Background/aims: Oro-pharyngeal dysfunction has been reported in Amyotrophic Lateral Sclerosis (ALS). We aimed to assess ALS patients upper gastrointestinal (GI) motor activity and GI symptoms according to bulbar and spinal onset and severity of ALS.

Methods: ALS bulbar (B) and spinal (S) patients with ALS Functional Rating Scale (ALSFRS-r) ≥35, bulbar sub-score ≥10, and Forced Vital Capacity (FVC) >50%, underwent to: Fiberoptic Endoscopic Evaluation of Swallowing (FEES); esophageal manometry; gastric emptying; Rome symptom questionnaire. Medical Research Council Scale for Muscle Strength (MRC) was performed for the upper and lower limbs. Mann-Whitney's U, Fisher's ranks test, Pearson's test was used.
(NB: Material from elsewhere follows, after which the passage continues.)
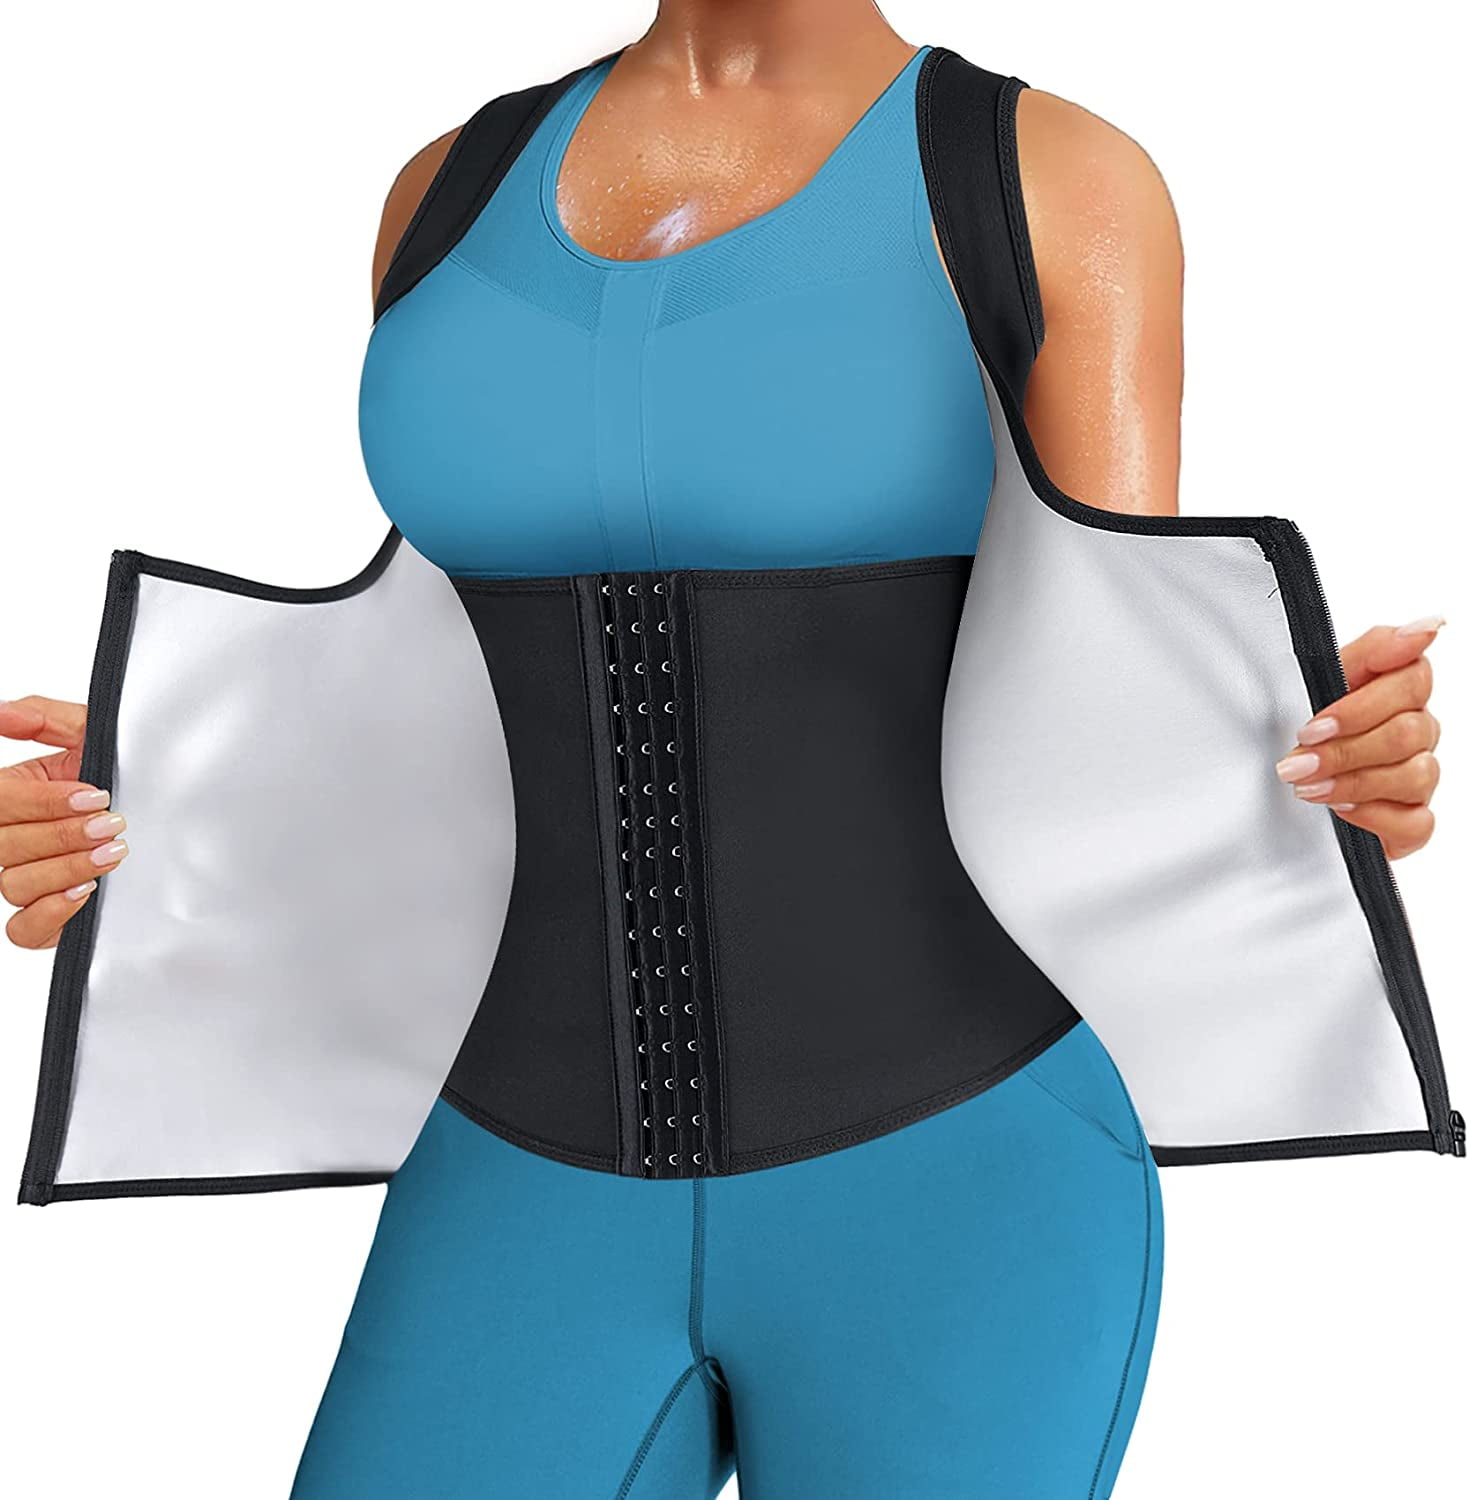 Women Body Shaper Corset Sauna Sweat Suit Sleeve Hot Polymer Waist Trainer Fitness Slimming Workout Vest Top with Zipper

Results: Thirteen ALS patients were included (6 F; mean age 61.2 ± 13.7 years, range: 37-87), 5 with B and 8 with S onset (ALSFRS-R score 39.5 ± 4.9, MRC score 128.6 ± 23.3, disease duration 22.8 ± 17.9 months). FEES detected a high dysphagia score in 5 patients with no difference between S and B phenotype. Lower esophageal sphincter pressure was normal in all patients. Esophageal dysmotility was observed in three S and two B onset patients. Upper esophageal sphincter (UES) pressure was higher in all ALS patients. UES spasms and delayed gastric emptying were detected in two B and one S and in two B and four S patients, respectively. There was no correlation between esophagogastric motor abnormalities and clinical characteristics of ALS, nor GI symptoms.

Conclusions: The presence of UES spasm and the delayed gastric emptying in a subgroup of ALS patients may suggest the role of ANS dysfunction in ALS.